– тогда все одно к одному. А что, по донесениям – Горелов нигде не мелькал?
– А коли бы даже и мелькал? Сейчас у нас руки связаны. Ничего… Не было у меня на Москве врага, так вот же – будет… На чем ином его поймаем и прищучим! Кстати – непарный пистолет в доме нашелся?
– Нашелся! Николаша, ты ангел! – заорал Левушка и тут же полез обниматься.
– Федька! – отбиваясь от Левушки, позвал Архаров. – Сейчас повезешь старой дуре записку.
– Какую записку? – спросил Левушка.
– Чтобы увезла девушку из Москвы. Тут то же, что с недорослем Вельяминовым. Но Вельяминов видел только Ларжильера и Франсуа, а Пухова, возможно, видела их всех – в том числе и нашу треклятую пропажу, кавалера де Берни. И он это знает. Пусть ее лучше увезут от греха подальше.
Федька восторженно уставился на Архарова.
– Единым духом! – воскликнул он.
И умчался, едва успев просушить продиктованные Архаровым строчки и растолкав собравшихся у дверей кабинета архаровцев.
– Заходите, – позвал обер-полицмейстер. – Сейчас поедем ко мне.
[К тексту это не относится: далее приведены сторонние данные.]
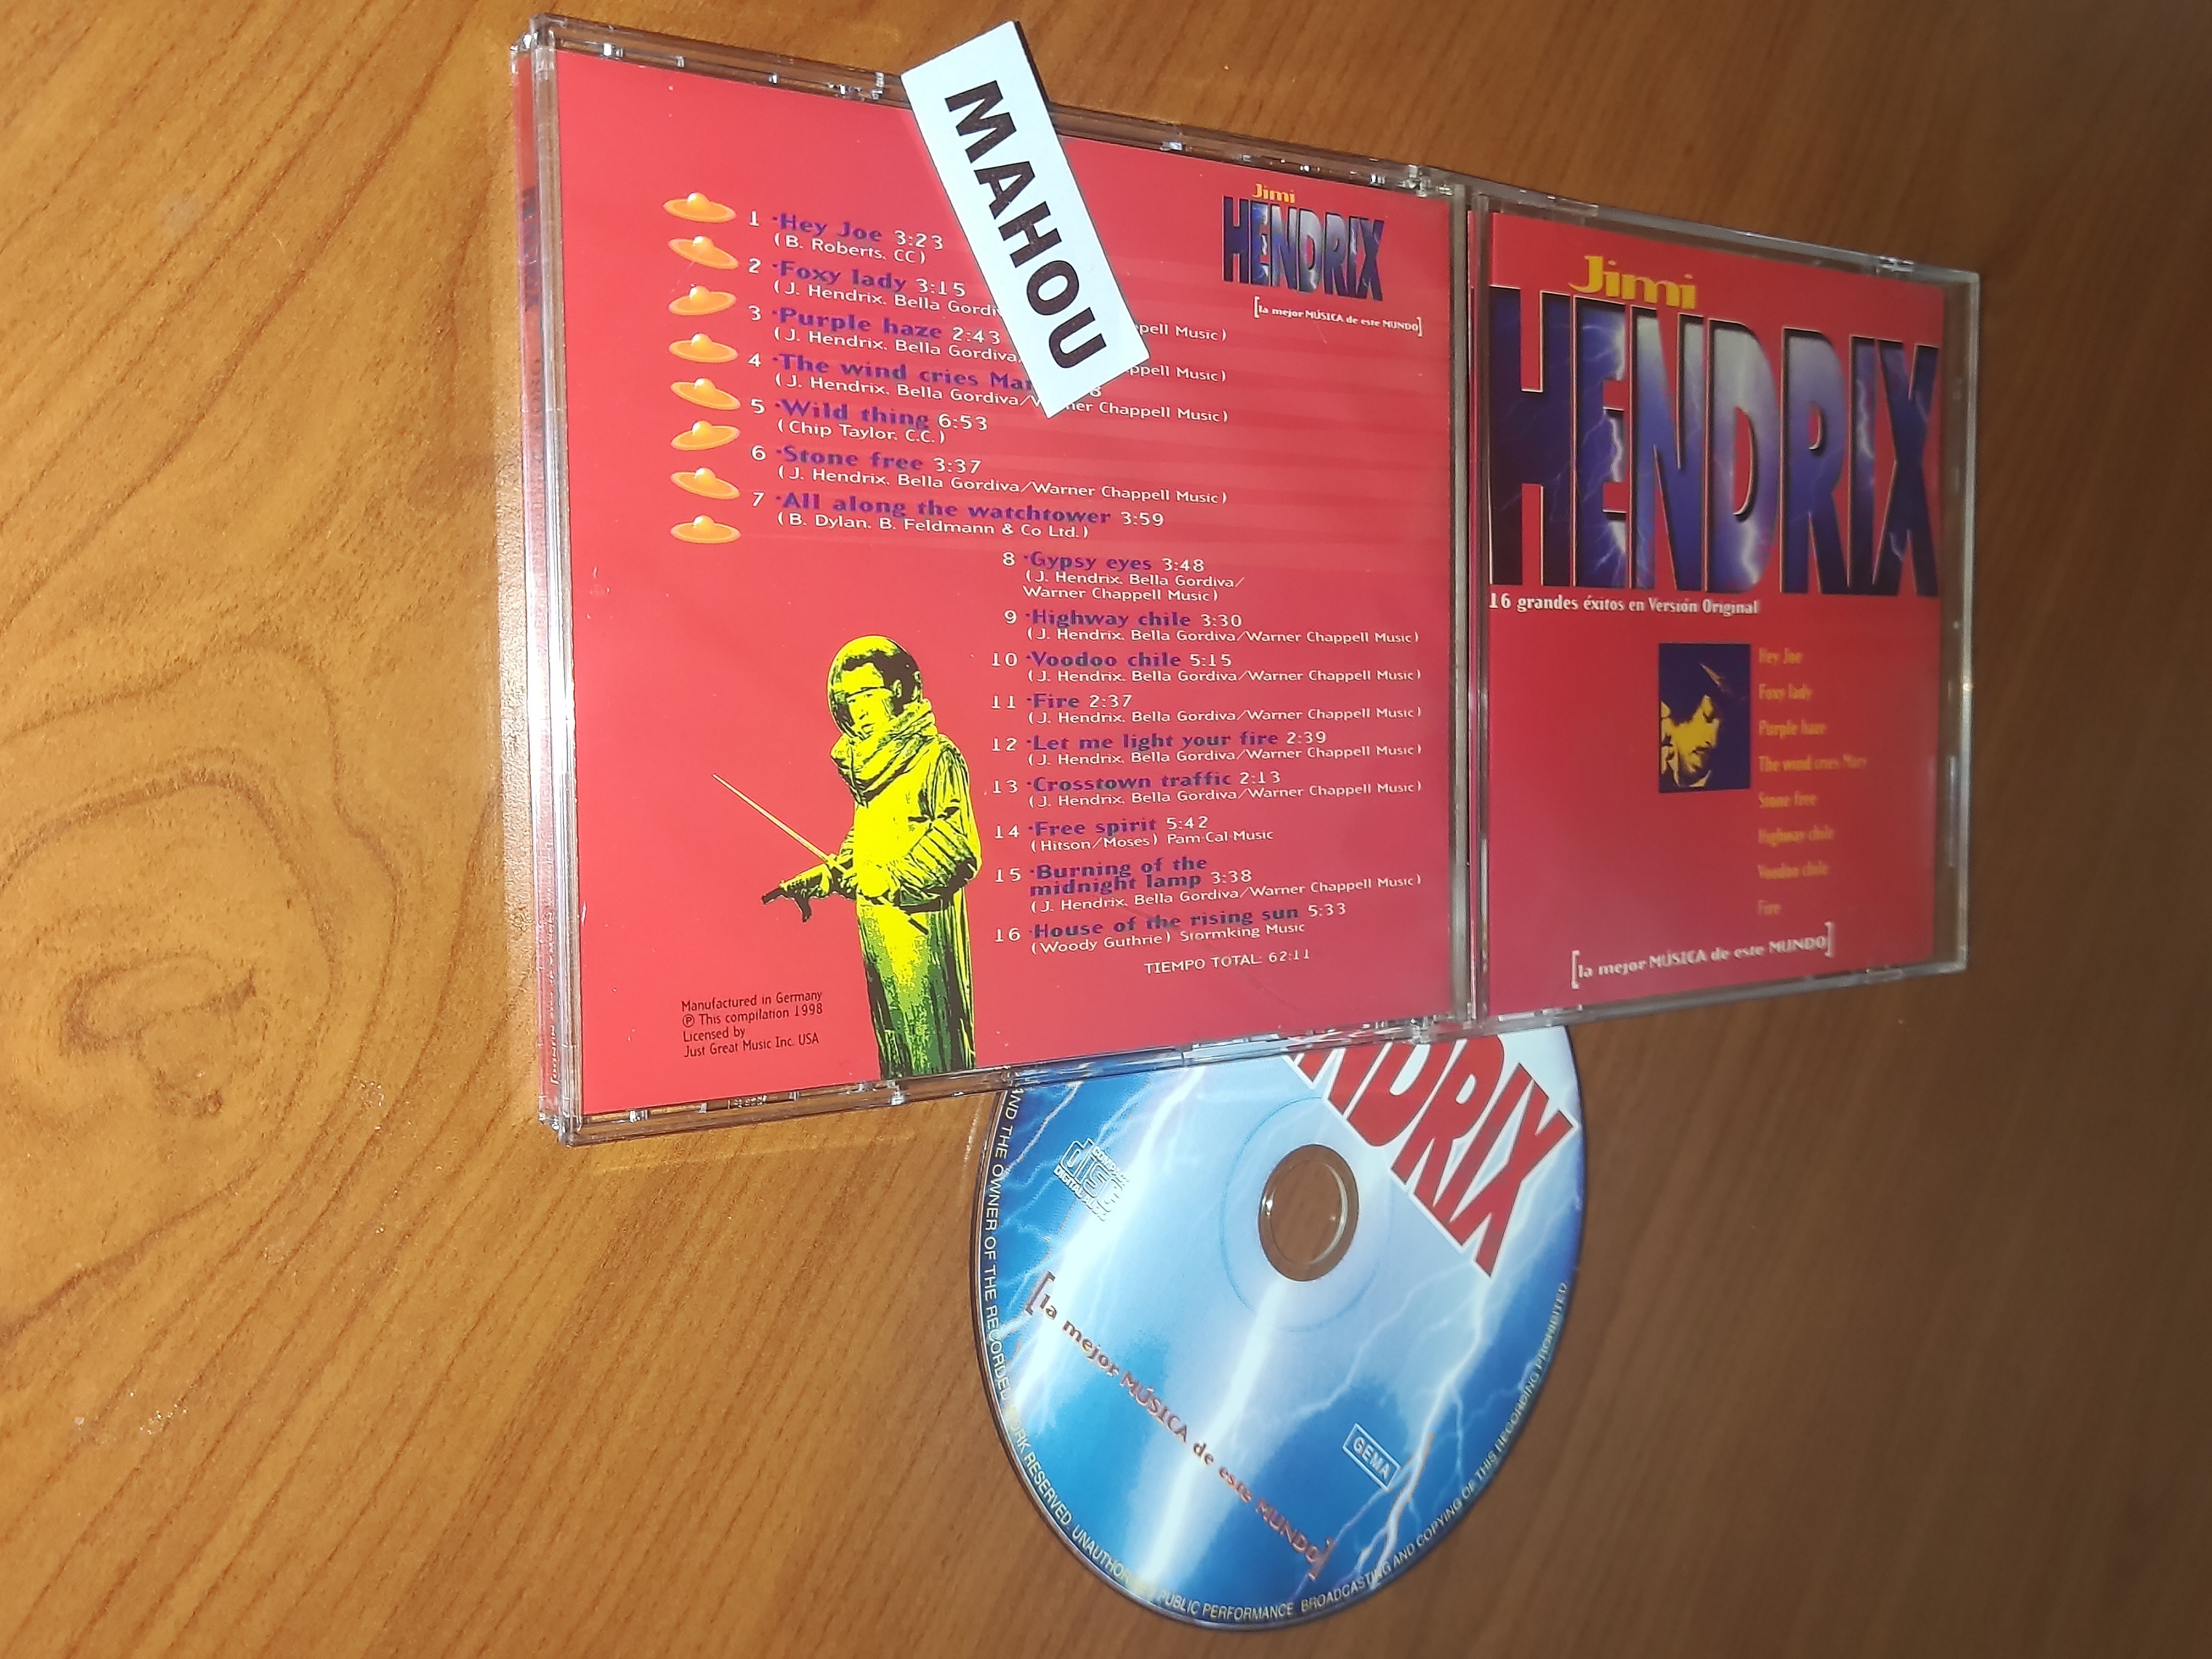 Jimi Hendrix-16 Grandes Exitos En Version Original-CD-FLAC-1998-MAHOU Download

Будем любезно беседовать с этими господами. И с извинениями выпустим их всех на волю, и дураков, и пособников мазурикам. Такой вот итог нашей вылазки, братцы. Улов у нас славный, жаль только, весь в руках не удержим.
Левушка пожал плечами. Ему последние слова совершенно не нравились. Архаровцы тоже молчали.
Все понимали, что знатных сообщников Перрена-Дюкро привлечь к ответу не получится. А про векселя Архаров, понятное дело, не сказал.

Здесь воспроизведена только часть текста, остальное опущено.